What is expected = Copy only what lies from the line containing "5-ashland washburn wedding" through the line containing "Art. 50 – bis" in the entries below, keeping both end lines exact and dropping every picture.

Material for the task =
^^^^^^^^

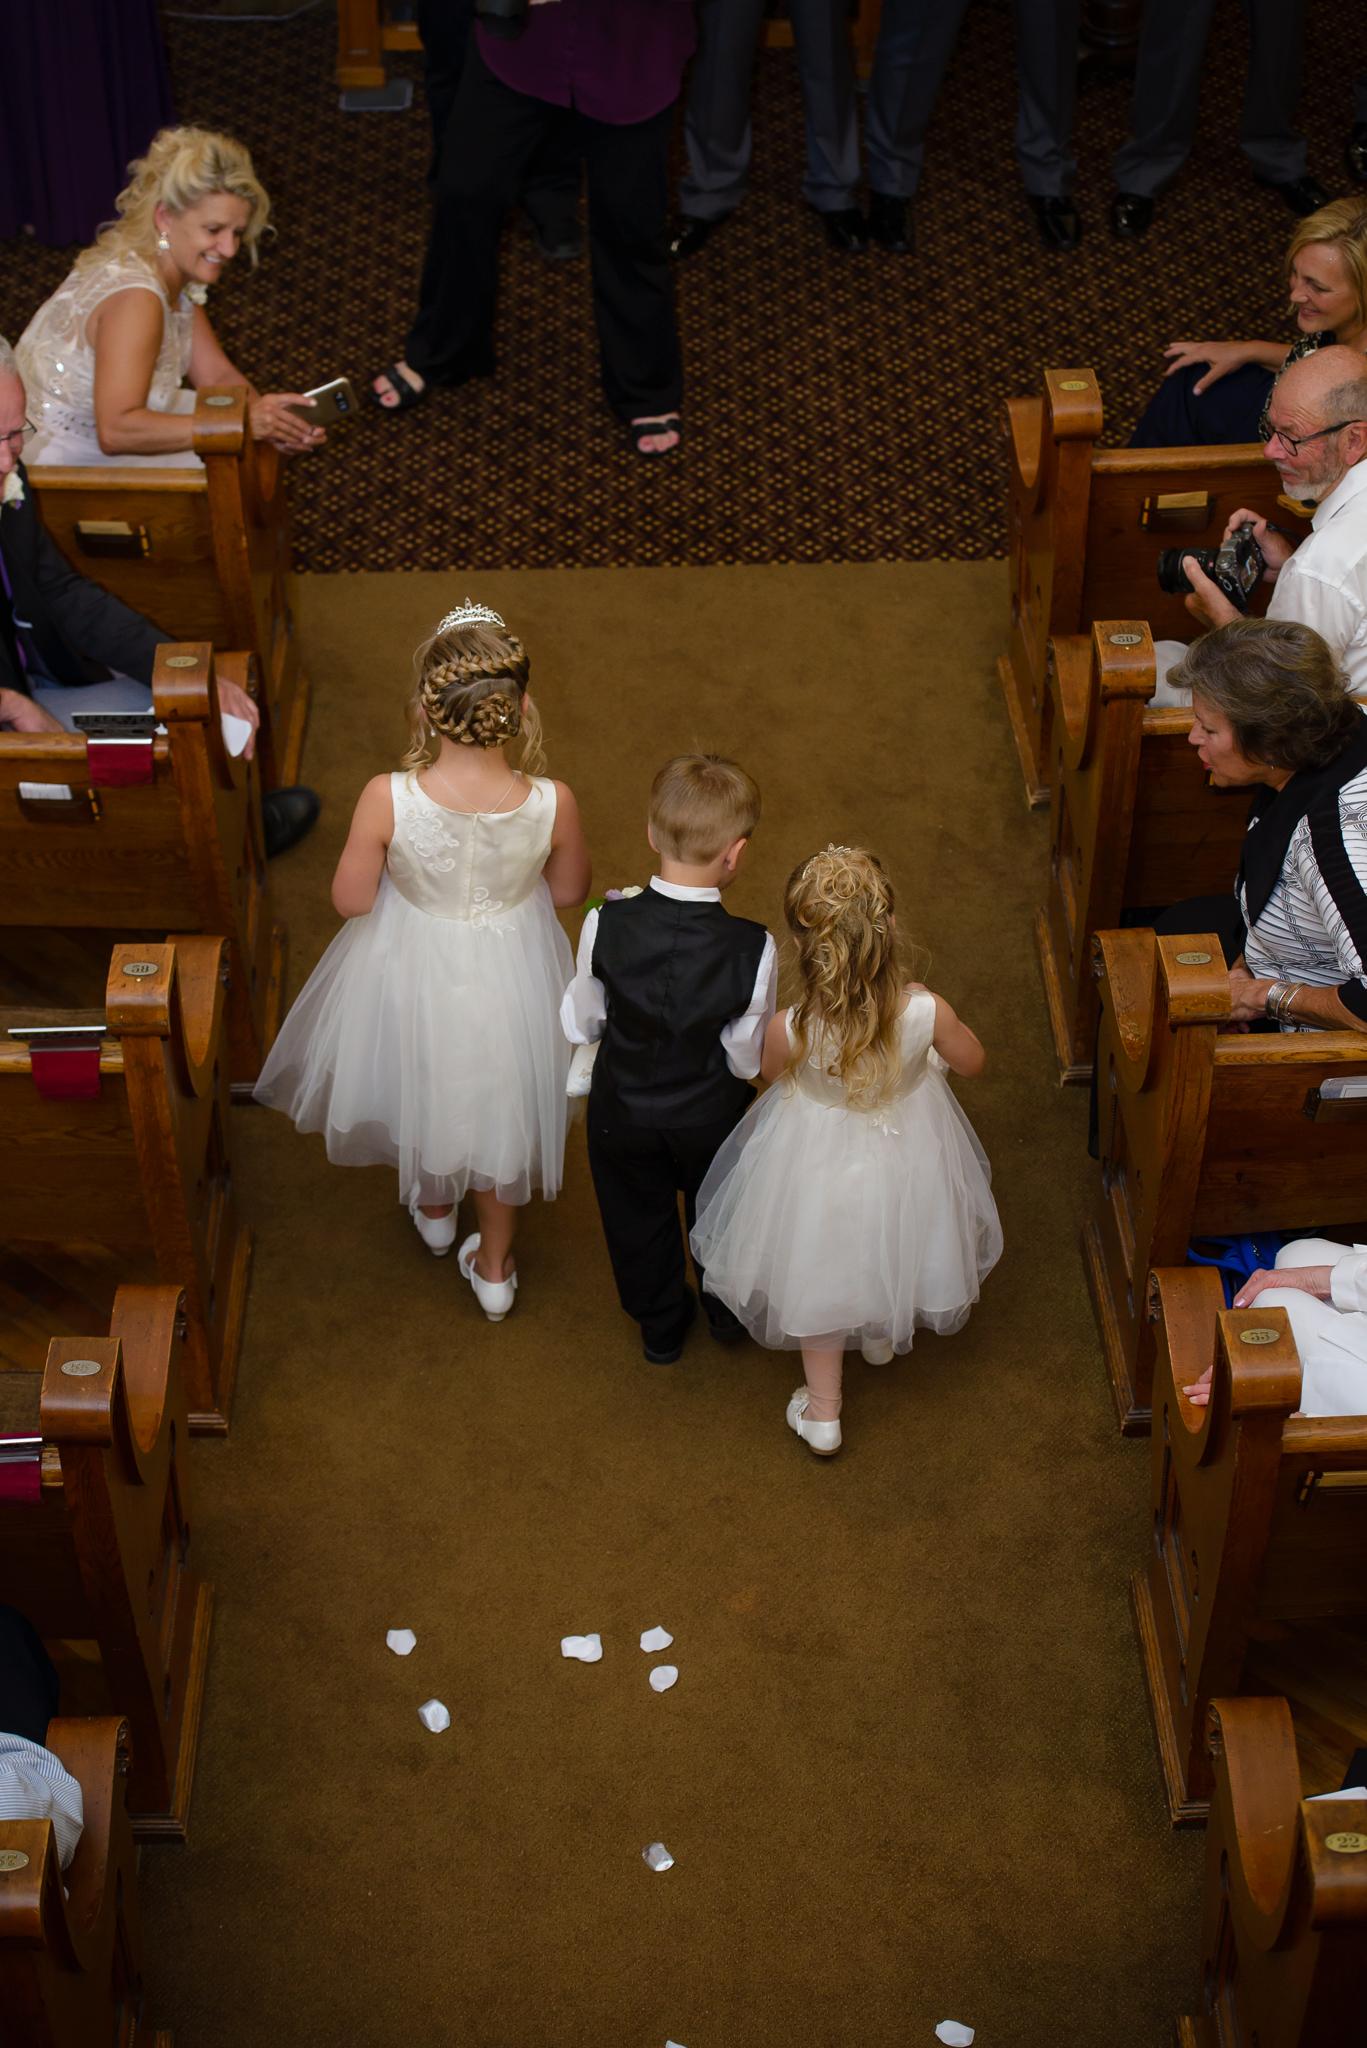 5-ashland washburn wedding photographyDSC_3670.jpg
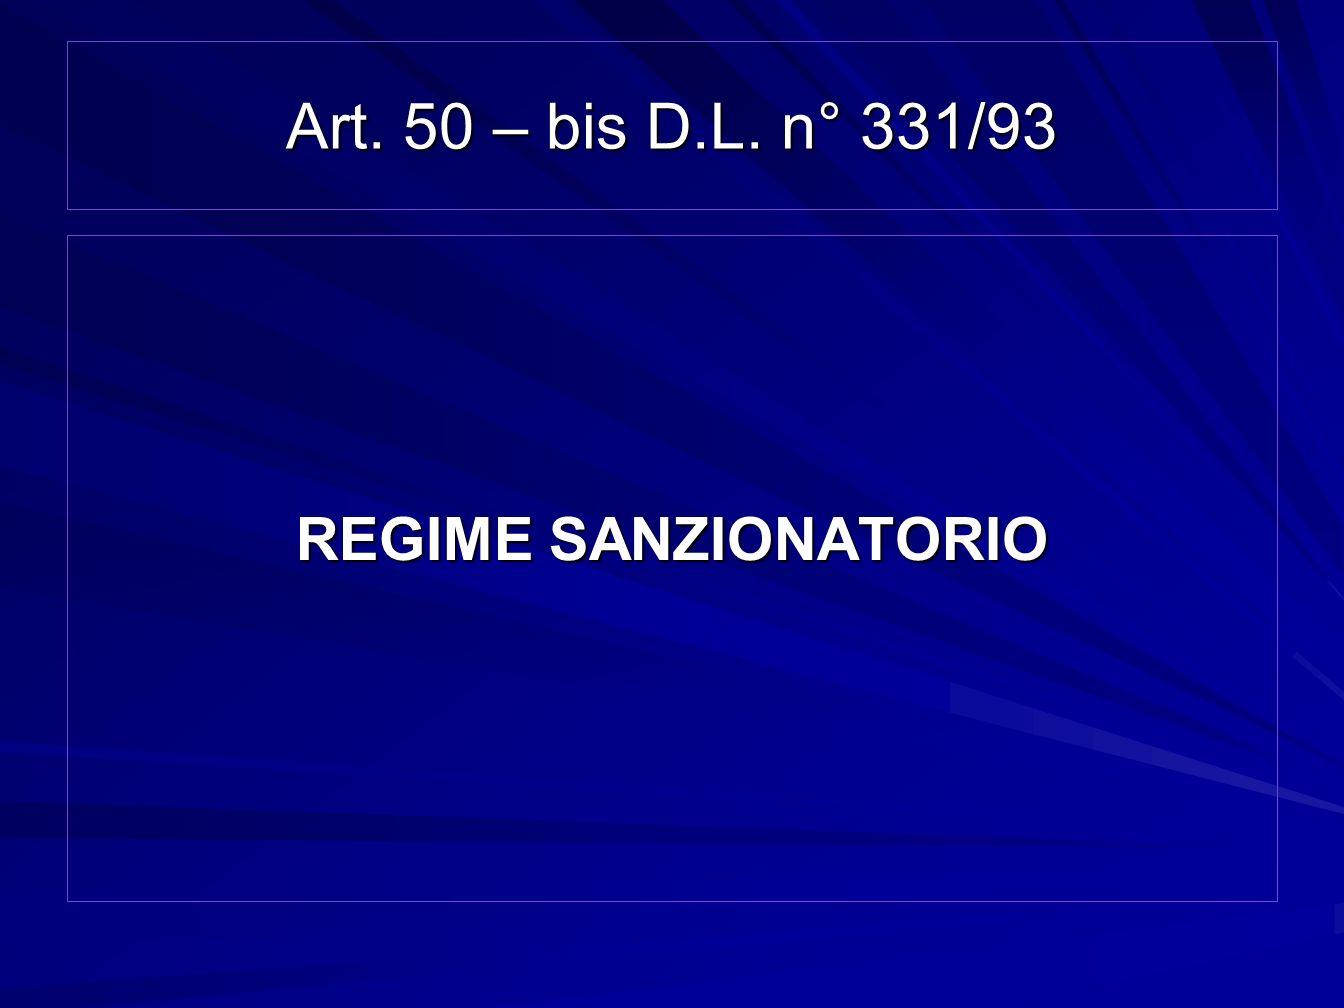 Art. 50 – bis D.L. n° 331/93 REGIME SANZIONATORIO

^^^^^^^^

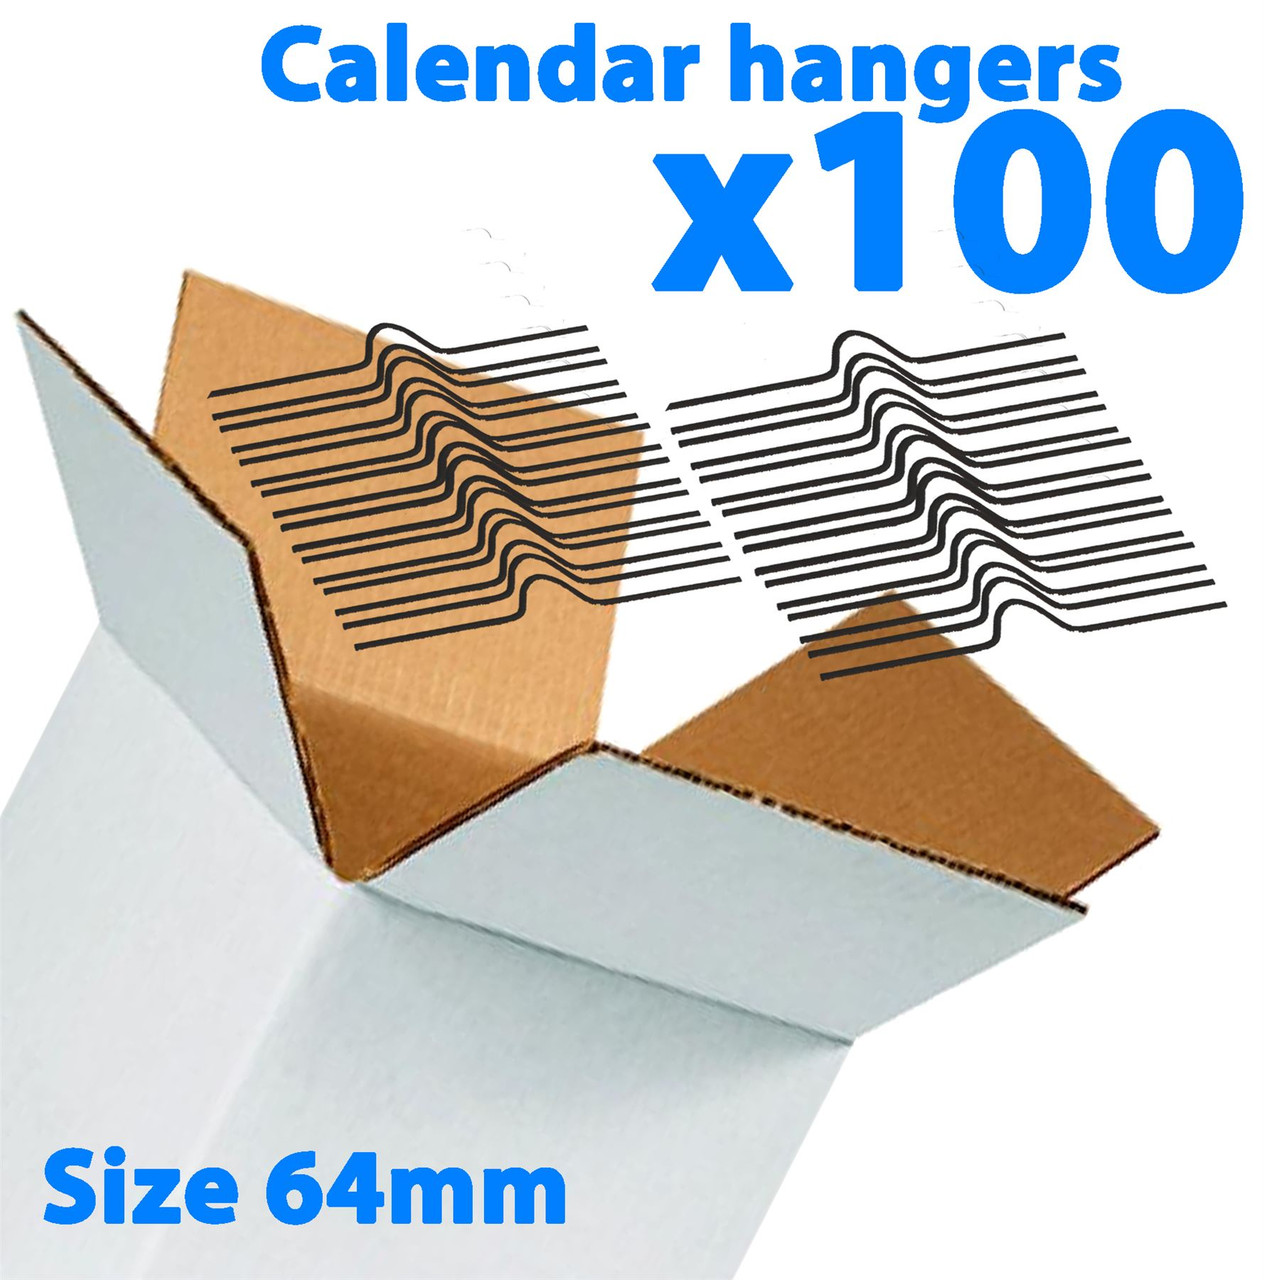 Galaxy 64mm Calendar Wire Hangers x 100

^^^^^^^^

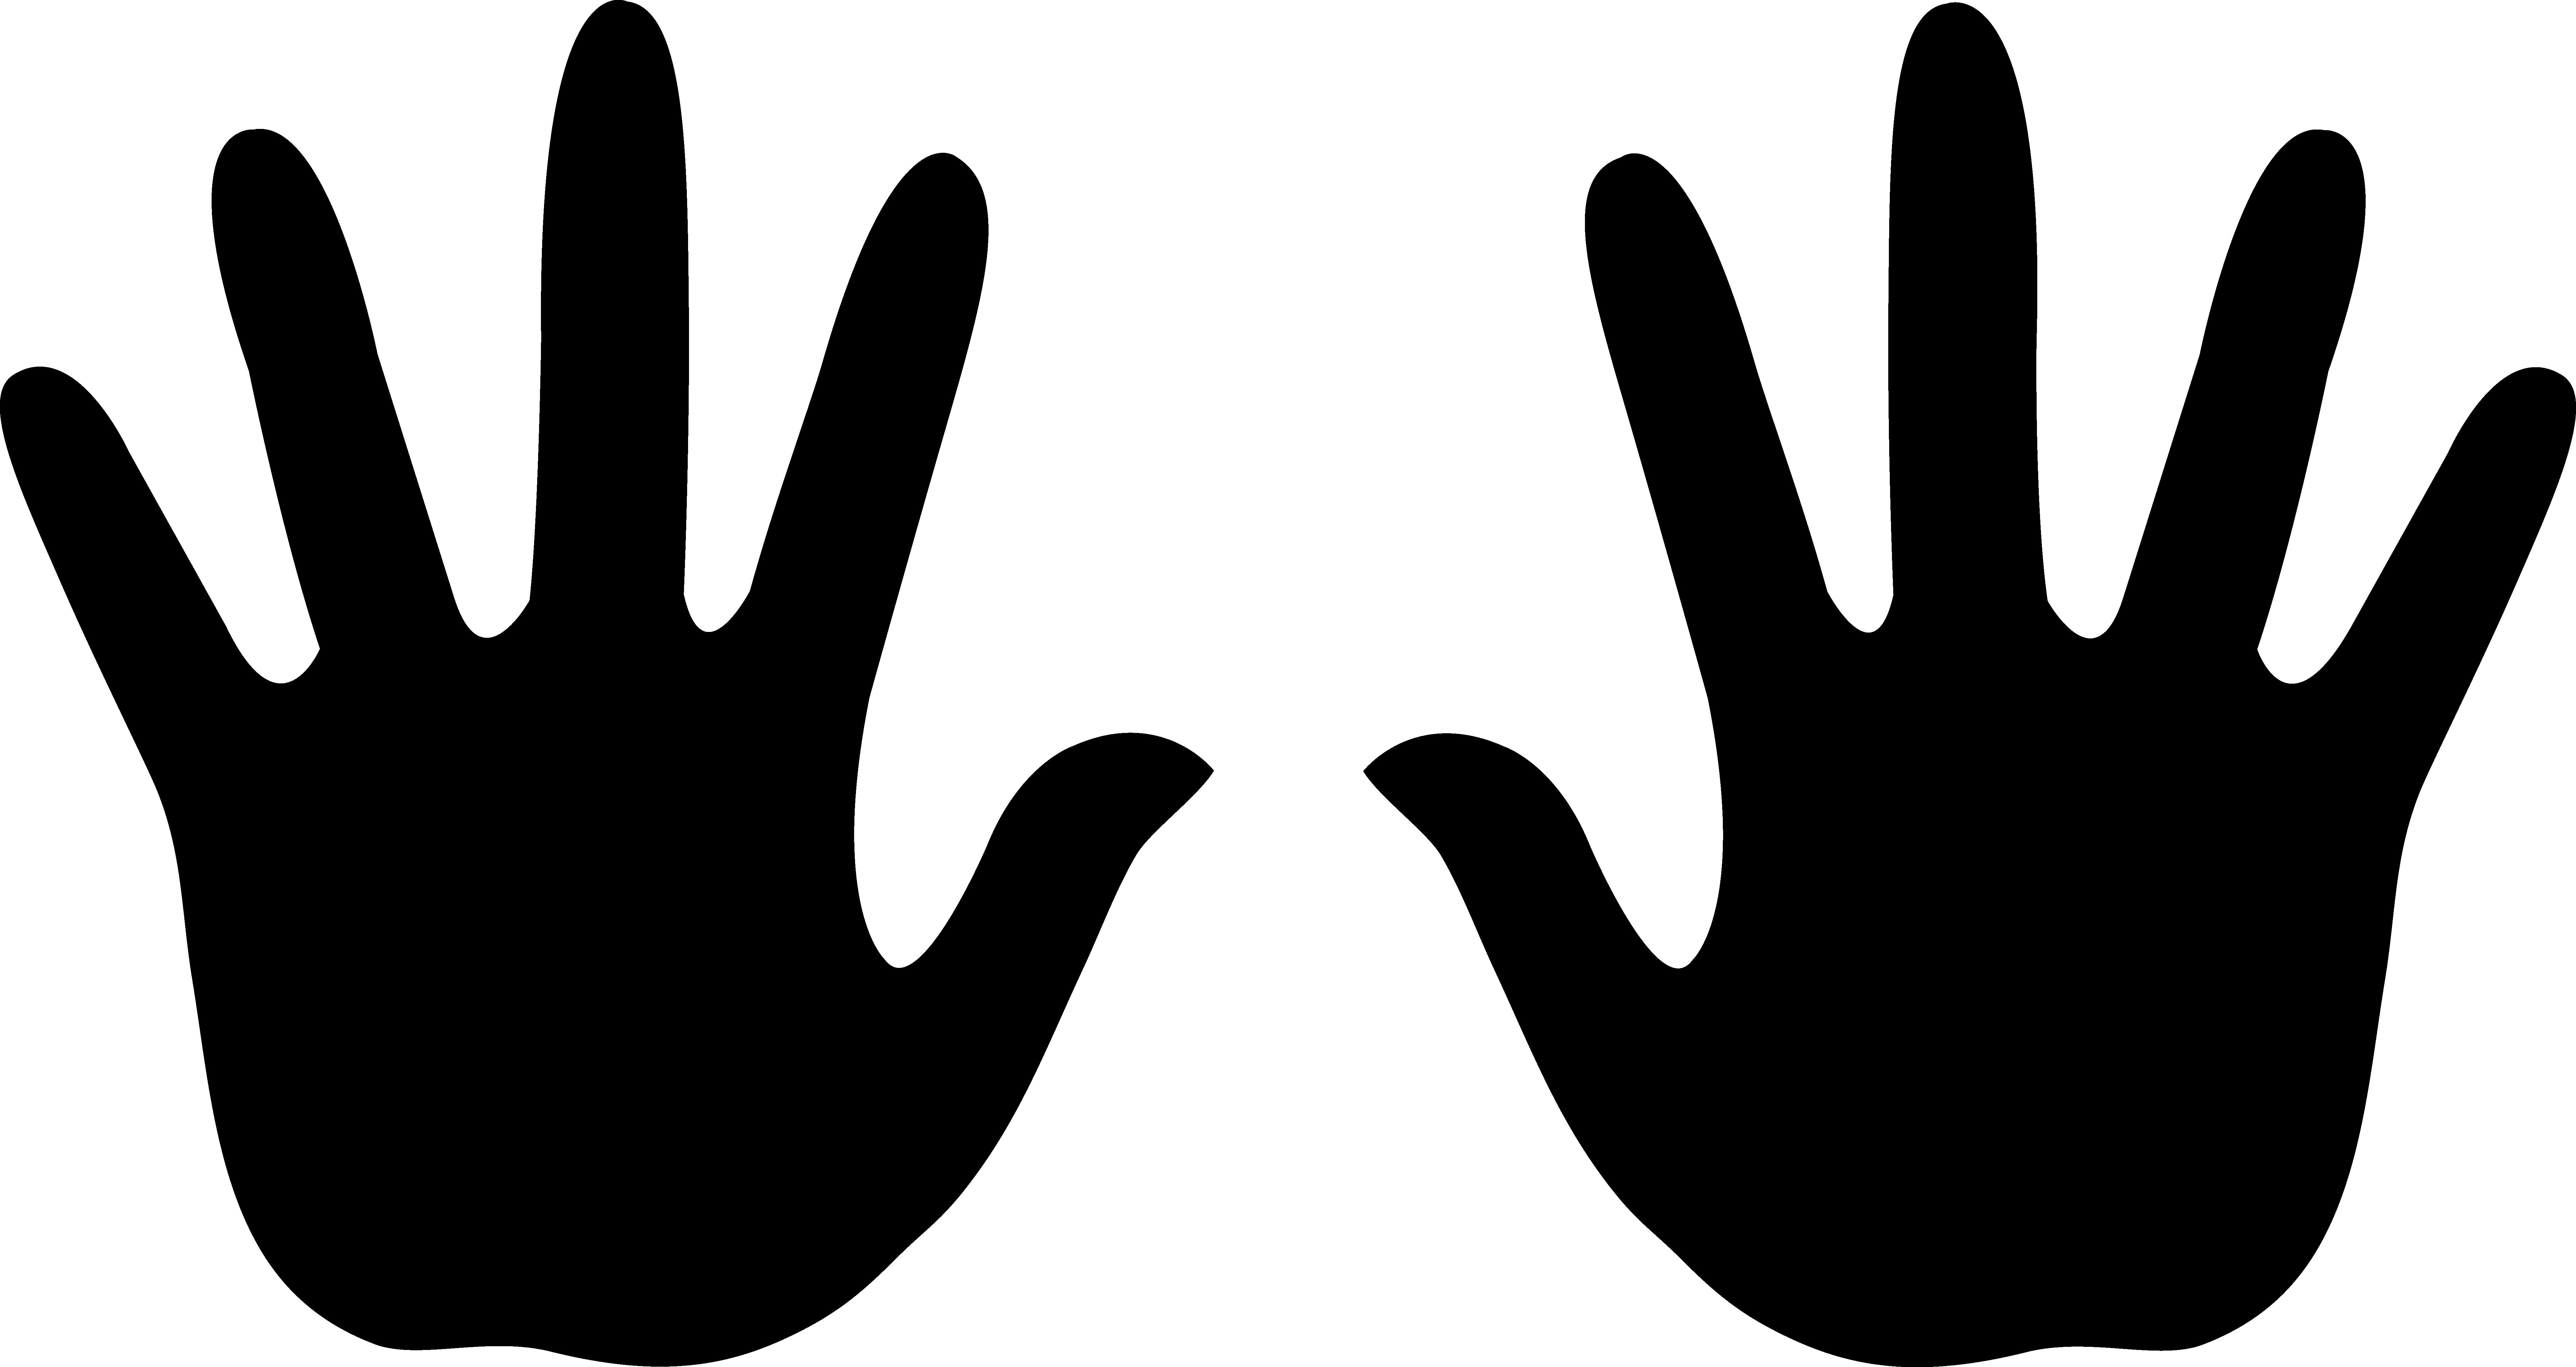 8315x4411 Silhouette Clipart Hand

^^^^^^^^

Task output =
 5-ashland washburn wedding photographyDSC_3670.jpg
 Art. 50 – bis D.L. n° 331/93 REGIME SANZIONATORIO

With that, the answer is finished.